■ **Exercise aim**
Take the line containing "Мужские хлопковые брюки-карго" and every line after it to the end of the material below; reproduce them exactly, without pictures.

■ **Data shown**
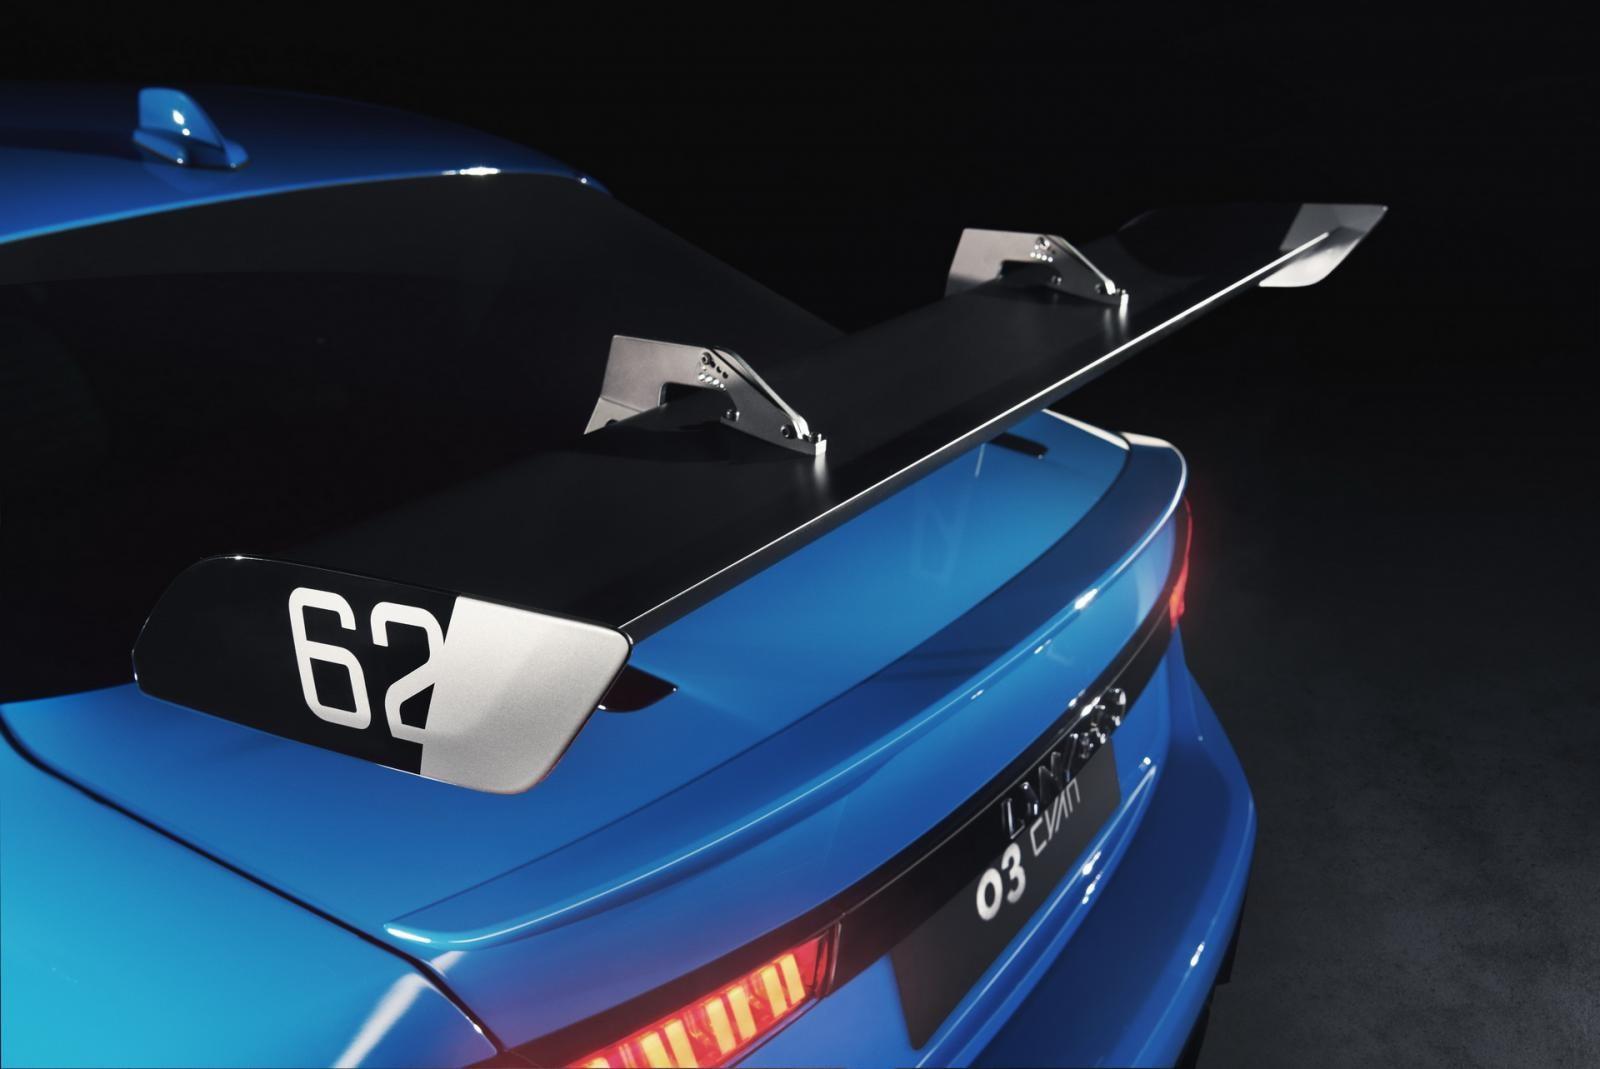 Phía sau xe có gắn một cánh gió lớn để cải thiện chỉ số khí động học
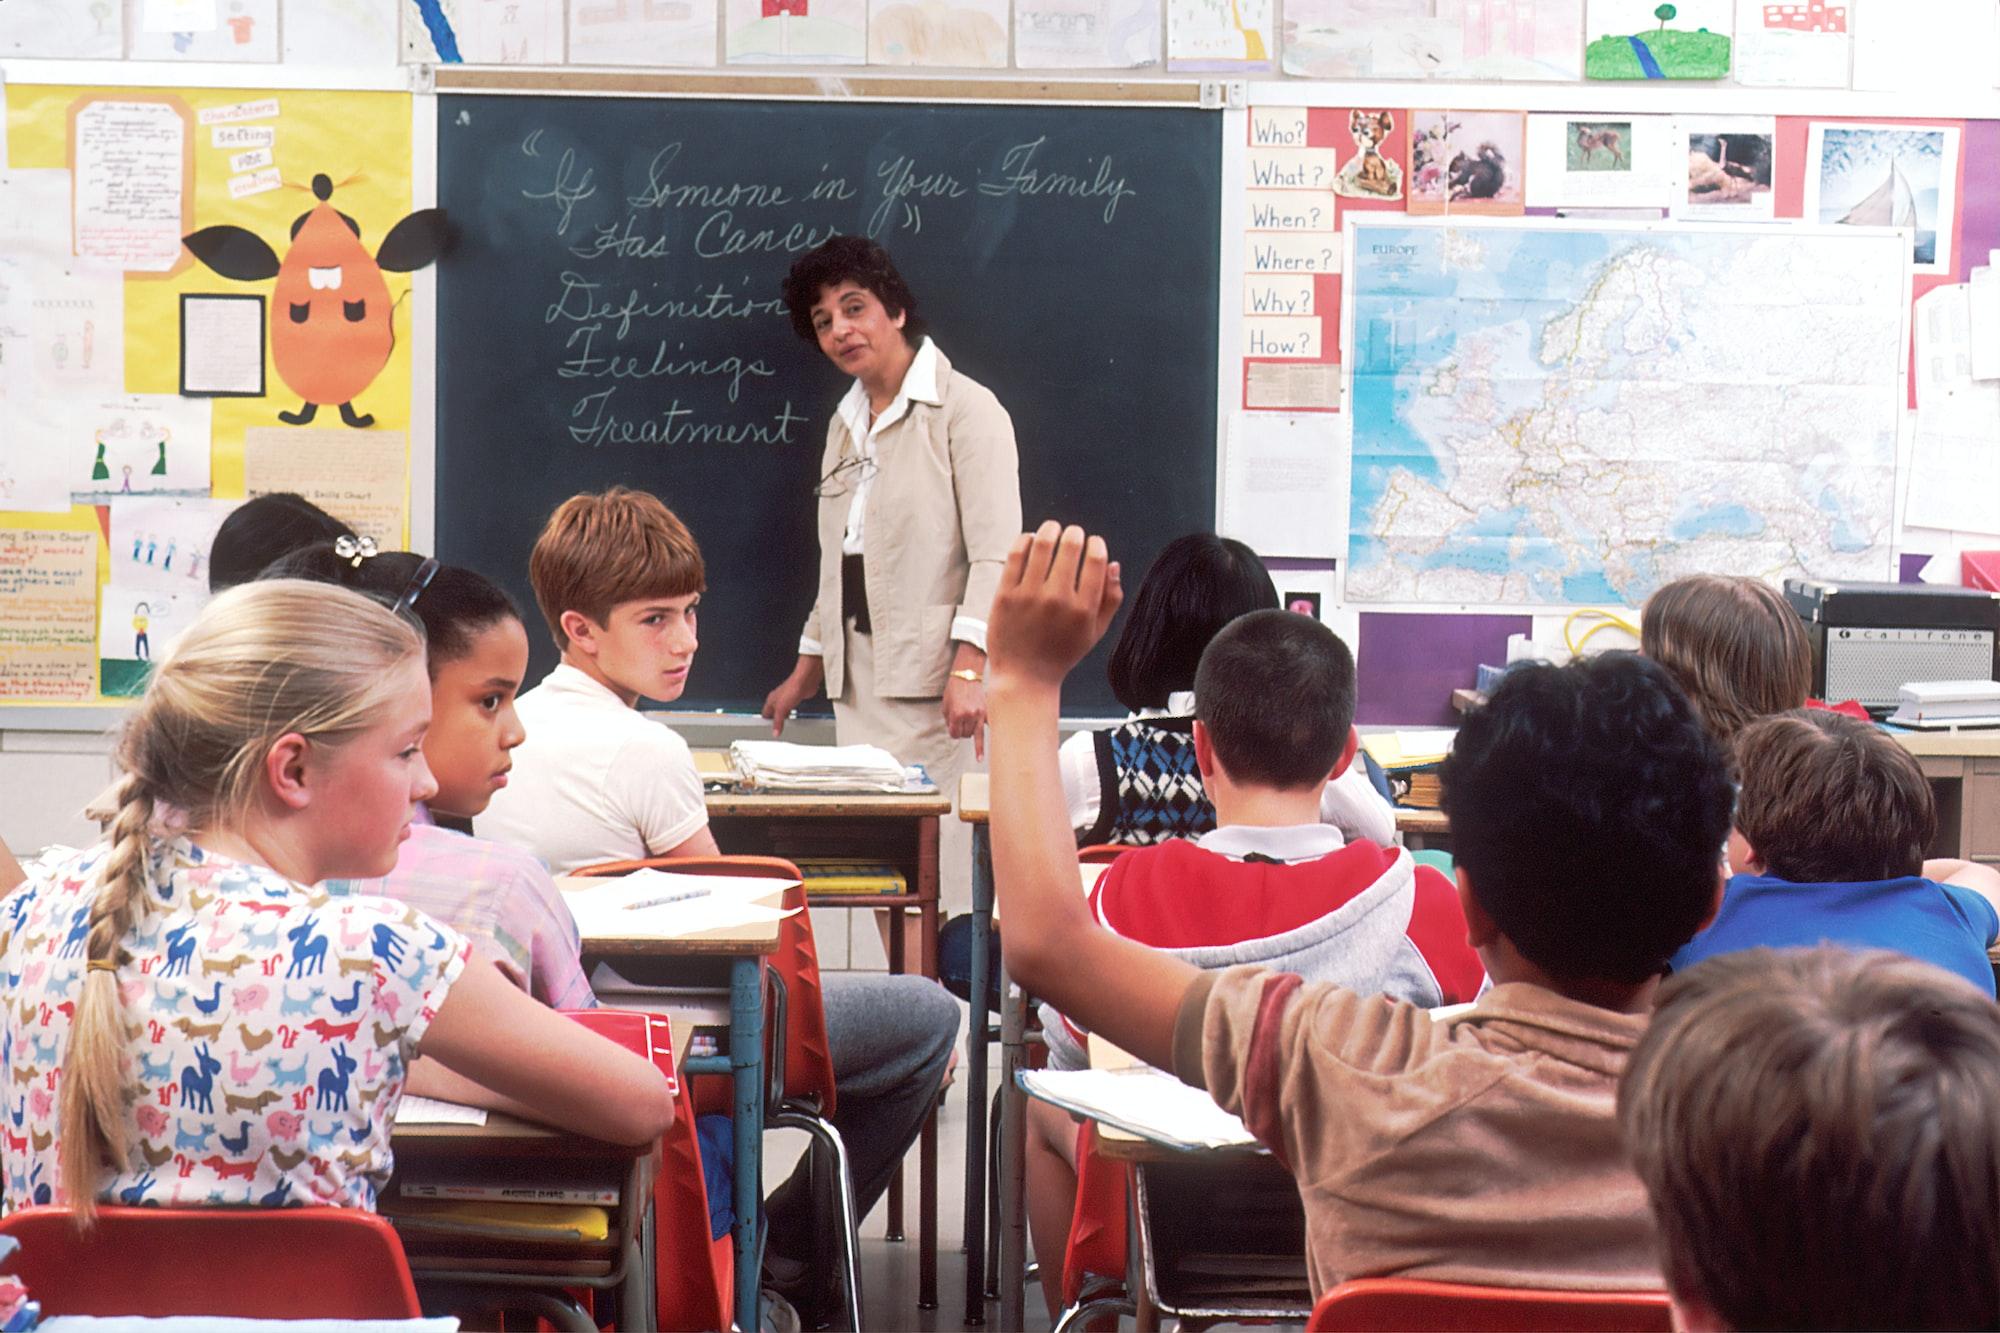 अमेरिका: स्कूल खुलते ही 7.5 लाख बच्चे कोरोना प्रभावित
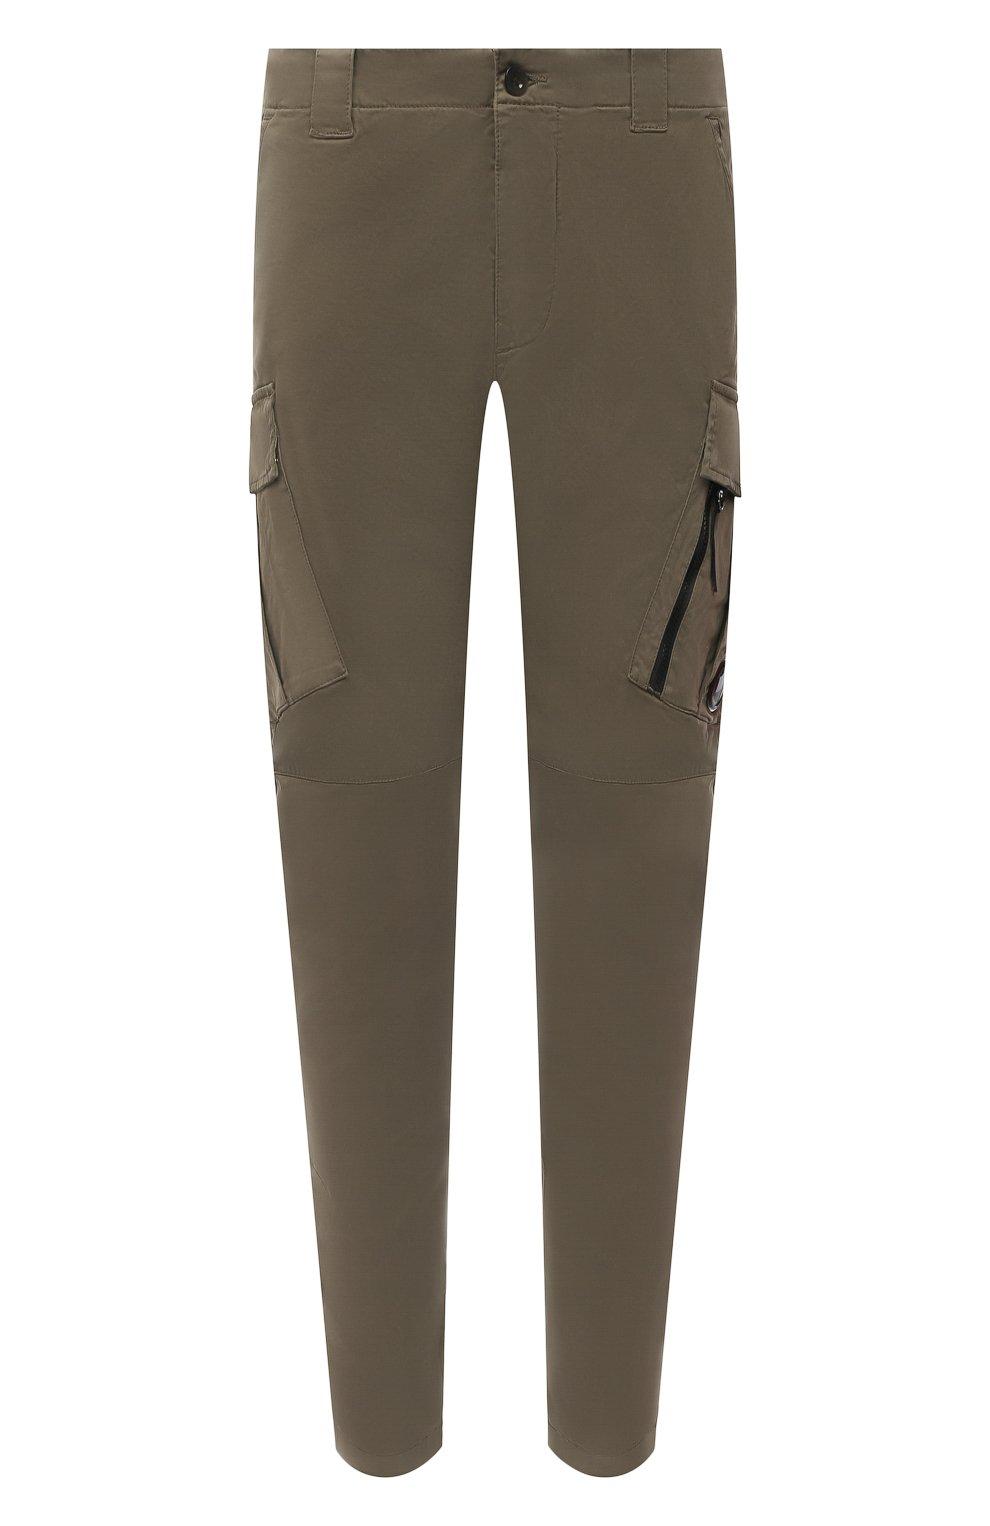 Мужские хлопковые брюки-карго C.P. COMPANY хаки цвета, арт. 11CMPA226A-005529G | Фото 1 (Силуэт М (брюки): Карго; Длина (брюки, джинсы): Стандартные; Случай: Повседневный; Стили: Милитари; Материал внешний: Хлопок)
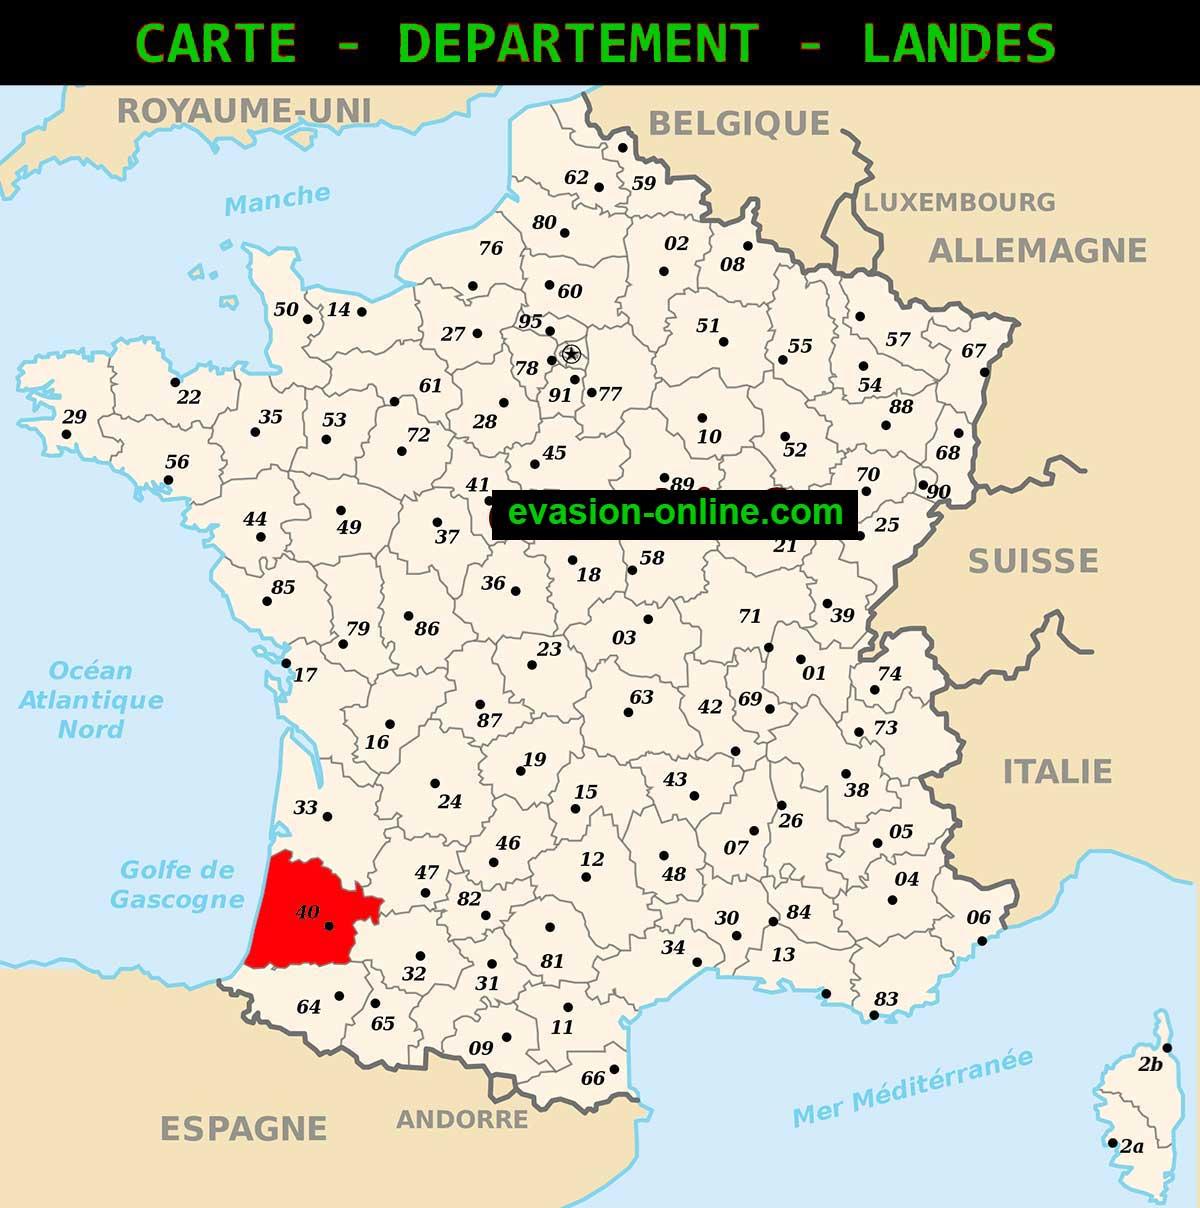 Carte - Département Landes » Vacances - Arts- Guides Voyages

■ **Response to this exercise**
 Мужские хлопковые брюки-карго C.P. COMPANY хаки цвета, арт. 11CMPA226A-005529G | Фото 1 (Силуэт М (брюки): Карго; Длина (брюки, джинсы): Стандартные; Случай: Повседневный; Стили: Милитари; Материал внешний: Хлопок)
 Carte - Département Landes » Vacances - Arts- Guides Voyages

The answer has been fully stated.